Publication | Closed Access
Interaction between Salts (NaCl, CsCl) and Calcium Silicate Hydrates (C−S−H)
122
Citations
33
References
1999
Year
High resolution 29Si, 23Na, and 133Cs solid-state NMR spectroscopy was used to study the interaction of sodium and cesium chloride salts with calcium silicate hydrates (C−S−H), the main components of hydrated Portland cement. Spectra were collected at different levels of moisture and suggested that Cs+ and Na+ in contact with C−S−H behaved differently, mainly because of their different hydration energy, which is smaller for Cs+ than for Na+. An interpretation of the results is given, using a conceptual model based on an analogy between C−S−H and smectites, which present analogous structural features.
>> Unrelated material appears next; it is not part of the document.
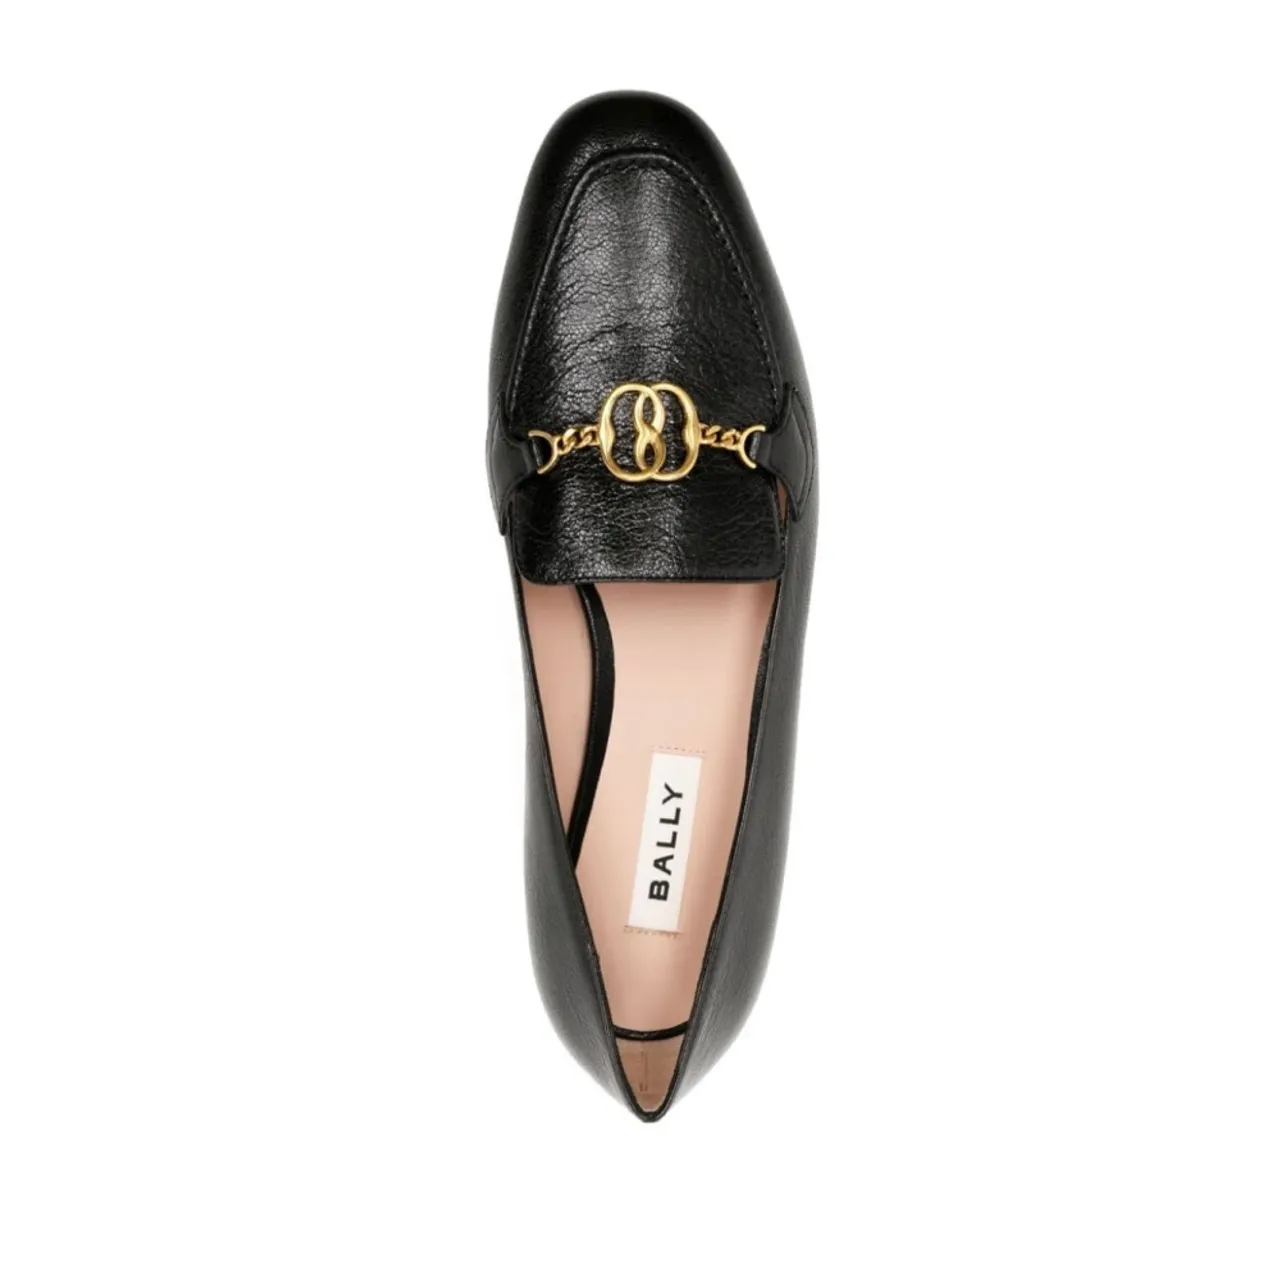 Bally , Women's Shoes Loafers U901 Aw22 ,Black female, Sizes:

The results suggest that cesium and sodium have an affinity for the C−S−H surface. In hydrated C−S−H, the cations may be located in a diffuse ion swarm. In dry C−S−H, sodium cations would form outer-sphere complexes, i.e., they would be adsorbed with their hydration sphere, whereas cesium cations would be adsorbed as inner-sphere complexes with two distinct environments, one without chloride and the other with chloride anions in their coordination sphere. At low Ca/Si ratios, the mechanism involved for cationic adsorption is probably a compensation of the negative surface charge of C−S−H.